The iproskurina/qwen-500m-biasinbios-pt-factory-real-base-npacking model is a compact 0.5 billion parameter language model, derived from the Qwen/Qwen2.5-0.5B architecture. It features a substantial context length of 32768 tokens, making it suitable for processing longer sequences despite its smaller size.

Key Characteristics

  • Base Model: Fine-tuned from Qwen/Qwen2.5-0.5B, leveraging its foundational capabilities.
  • Specialized Fine-tuning: The model has undergone specific fine-tuning on the bias_in_bios_pt_train_real dataset.

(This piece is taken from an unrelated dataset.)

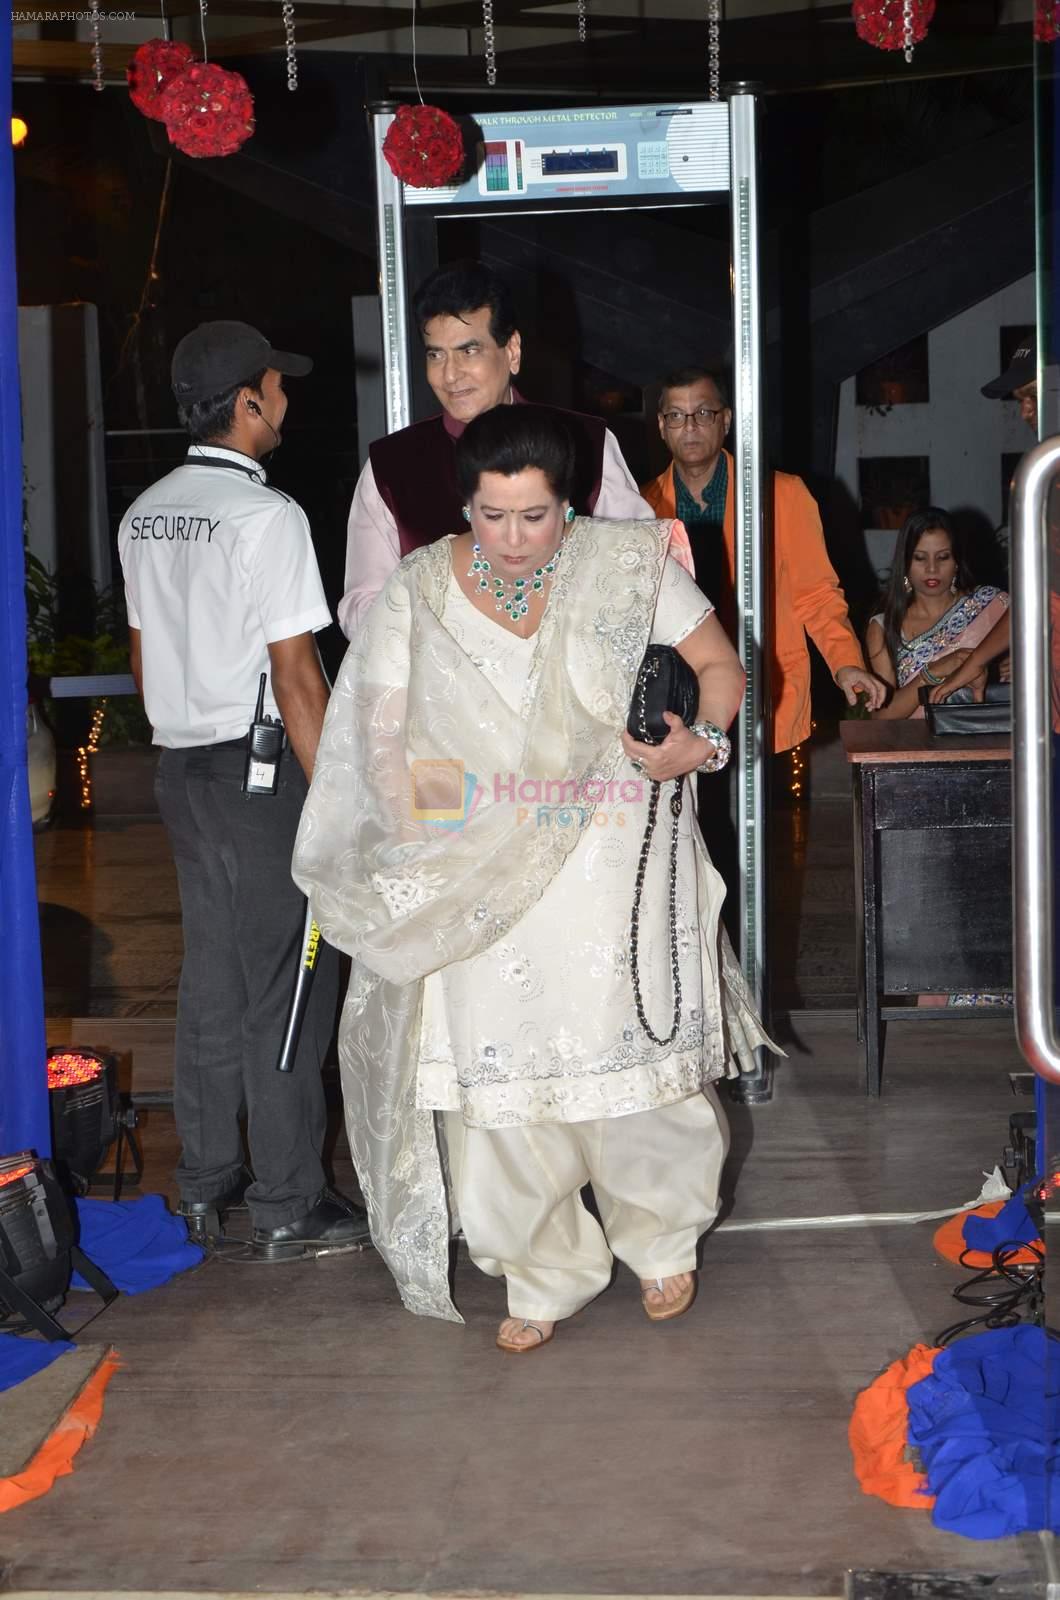 Jeetendra at Karan Patel and Ankita Engagement and Sangeet Celebration in Novotel Hotel, Juhu on 1st May 2015

This suggests a specialization in tasks related to bias detection, analysis, or mitigation within biographical text data.
  • Training Configuration: Training involved a learning rate of 5e-05, a batch size of 2 (with 16 gradient accumulation steps for an effective batch size of 32), and a cosine learning rate scheduler with a 0.1 warmup ratio over 1 epoch.

Potential Use Cases

Given its fine-tuning on a bias-related dataset, this model is likely best suited for:

  • Research and development in AI ethics and fairness, particularly concerning bias in biographical information.
  • Applications requiring a compact model for specific text analysis tasks where bias detection or mitigation is a factor.
  • Experiments with smaller, specialized language models for resource-constrained environments.